Honest read: this 9-field sample is dominated by rare ids (373k features for
160k train rows), so second-order factor models only match — not beat — a
well-regularized linear baseline; `FwFMClassifier` comes closest at a
fraction of LR's predict throughput. The planted-interaction synthetic table
above shows the regime where factor models pull ahead.
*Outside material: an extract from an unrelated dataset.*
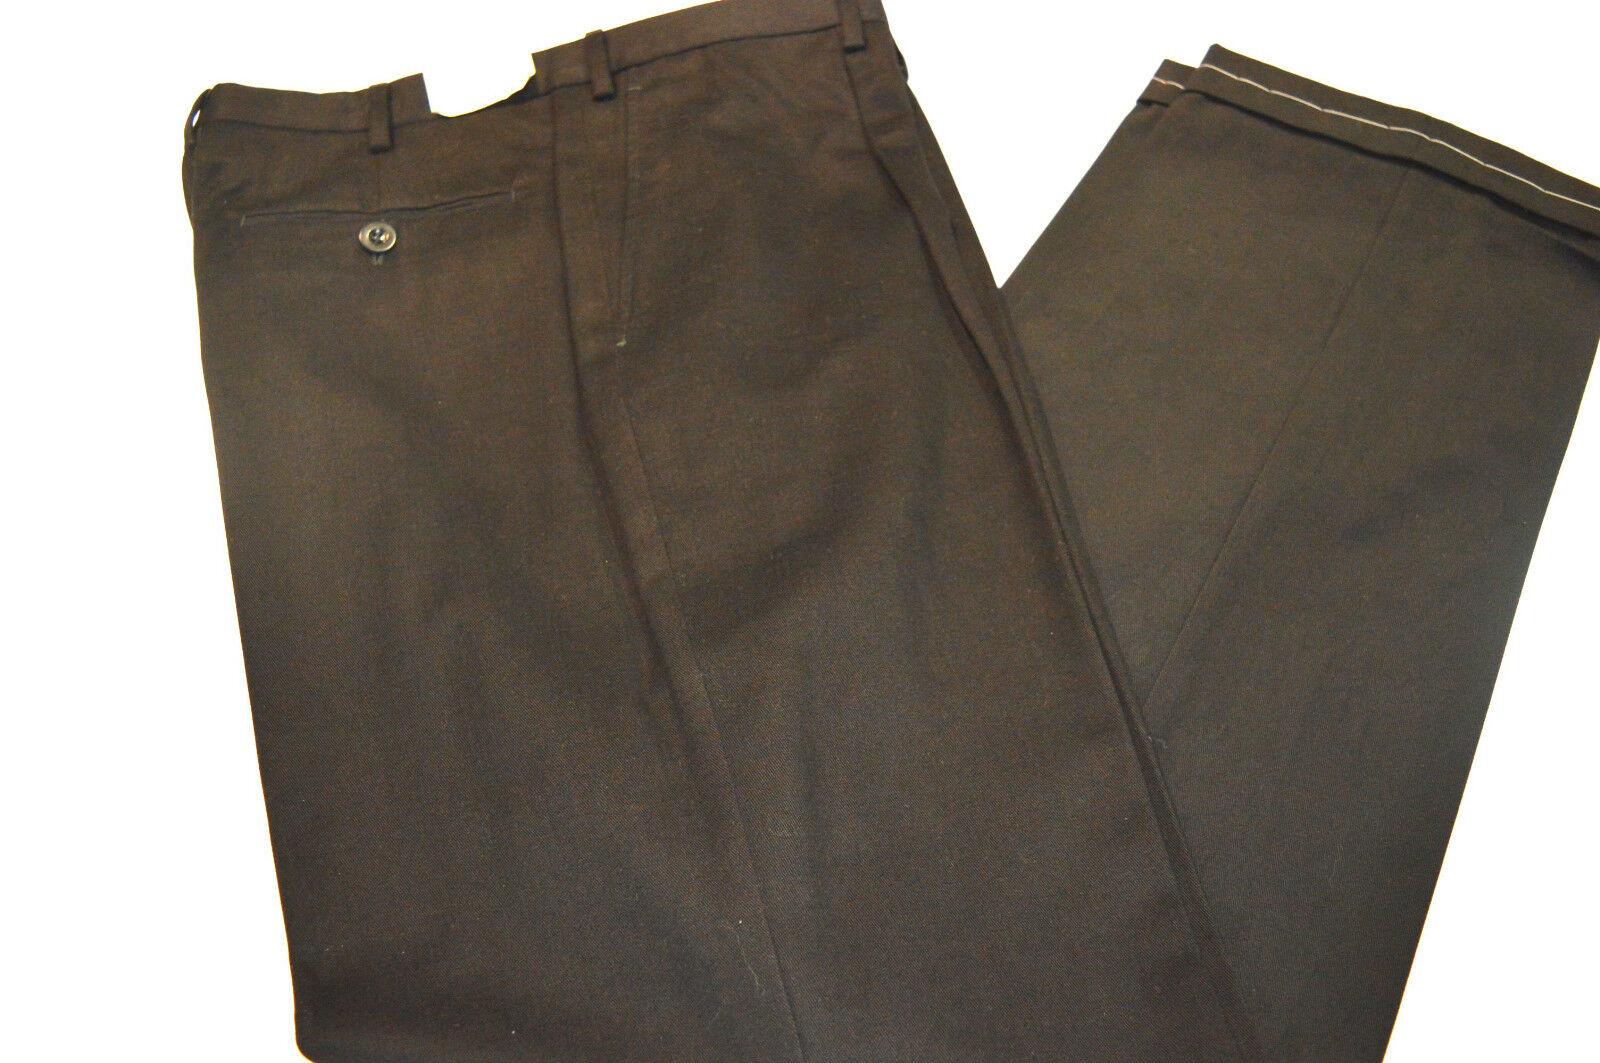 New BRIONI Mod Cortina Trouser  Dress Pant  Size 34 Us 50 Eu (Cod 143)

Machine: macOS arm64
(Apple Silicon), Python 3.11; reproduce with
`python benchmarks/bench_criteo_like.py` (the original Criteo/Avazu samples
are no longer publicly downloadable without credentials, so the bench uses
this real CTR dataset via `fetch_openml` — details in the script docstring).

## Development

Requires Python >= 3.10 and a recent Rust toolchain (1.74+; `rustup update`).

```bash
python3 -m venv .venv
.venv/bin/pip install -e ".[dev]"   # builds the Rust extension via maturin
.venv/bin/pytest -q
.venv/bin/ruff check .
```

`pip install -e .` compiles `rust/` and installs the extension as
`modern_fm._rust` (maturin mixed layout, config in `pyproject.toml`).
After editing Rust code, re-run `pip install -e .` to rebuild. Rust-only
checks:

```bash
cd rust
PYO3_PYTHON=$PWD/../.venv/bin/python3 cargo test
PYO3_PYTHON=$PWD/../.venv/bin/python3 cargo clippy
```

Without the extension built, the package still works: `modern_fm._backend`
falls back to the pure-NumPy reference implementations, and the parity tests
in `tests/test_rust_parity.py` are skipped.

Design documents live in `docs/` — start with `docs/requirements.md` and
`docs/math_spec.md`. The roadmap is in `docs/roadmap.md`.